14th annual Celebration of the absurd

"Most Dubious News Stories of the Year" announced

South Orange, NJ --"Various groups and individuals claiming to be protecting humans, animals or the entire Earth managed to make complete fools of themselves in 2004," said alan Caruba, founder of The National anxiety Center, a clearinghouse for information on scare campaigns.

Founded in 1990, the Center has issued its 14th annual review of The Most Dubious News Stories of the Year. The news media was "pleased to report the end of the world despite evidence that the 4.5 billion year old planet was behaving the same as always, as is the case of the human race."

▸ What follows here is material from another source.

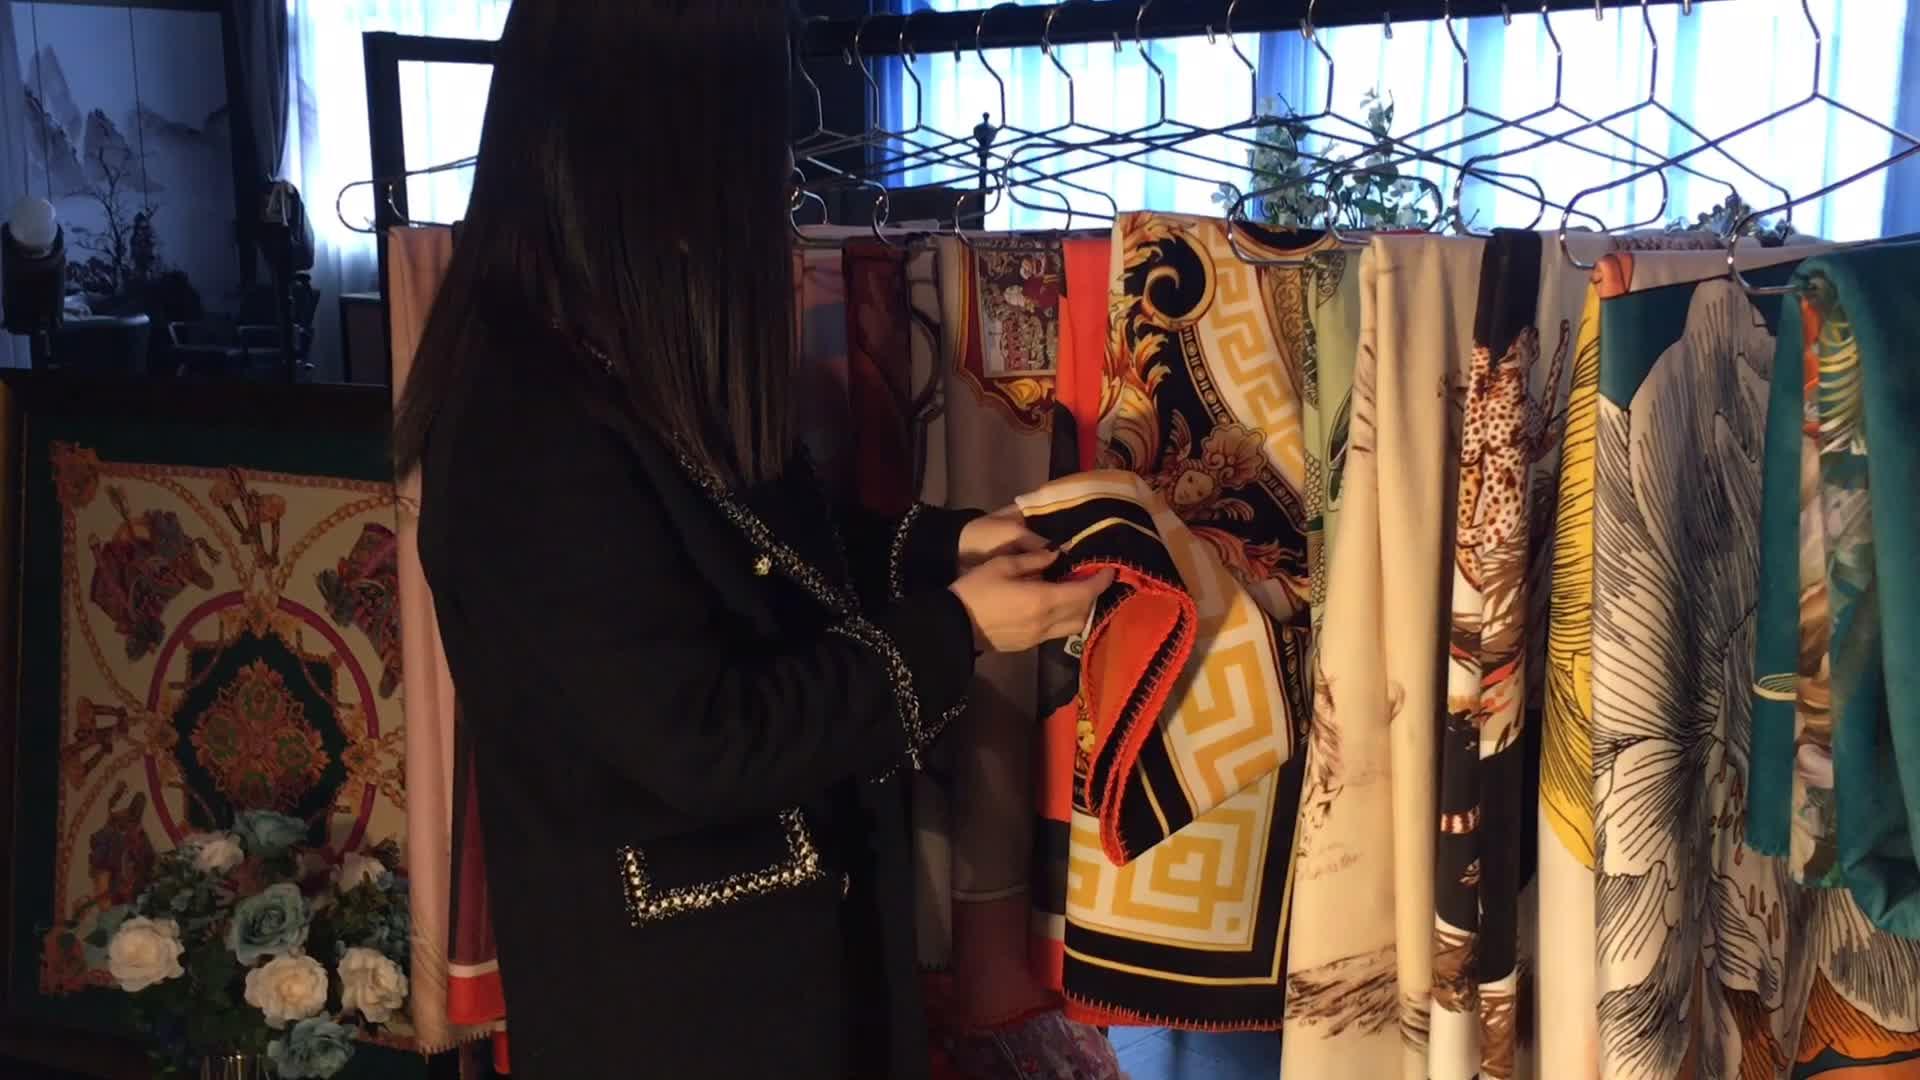 ヨーロッパファッションスタイルホーム装飾のためのスローブランケットソファチェアオフィスチェアクッション

 In august, Reuters reported, "The bad news is that tens of millions of people along the Eastern Seaboard of the United States and Canada may drown if the slow slippage of a volcano off north africa becomes a cataclysmic collapse. But the good news is that the world is not likely to be destroyed by an asteroid any time soon." It helps, said Caruba, if you read the third paragraph of the story in which it was noted that this is predicted to occur "sometime in the next few thousand years". Scientists with a yearning to become famous know a good disaster prediction will always get attention."

 In a similar fashion, in a July edition of The New York Times, it was reported that "The collapse of the Earth’s magnetic field, which both guards the planet and guides many of its creatures, appears to have started in earnest about 150 years ago." The good news is that, when the main field weakens, it then reappears with opposite polarity. " Once again, one had to read further into the report to learn that "the public has no reason to panic" because "it might take 2,000 years to mature."

 Proving that "idiots tend to cluster together," said Caruba, in January al Gore, rumored to have been Vice President of the United States, selected the coldest day in a half century of New England weather records to declare that global warming was the result of "Bush policies (that) are leading to weather extremes." Not to be outdone, an October Florida billboard campaign by Scientists and Engineers for Change and Environment 2004 claimed that the hurricanes the state experienced were President Bush’s fault. They were joined by the NaaCP’s National Voter Fund that warned, "minorities (are) more heavily impacted by environmental threats" than other groups.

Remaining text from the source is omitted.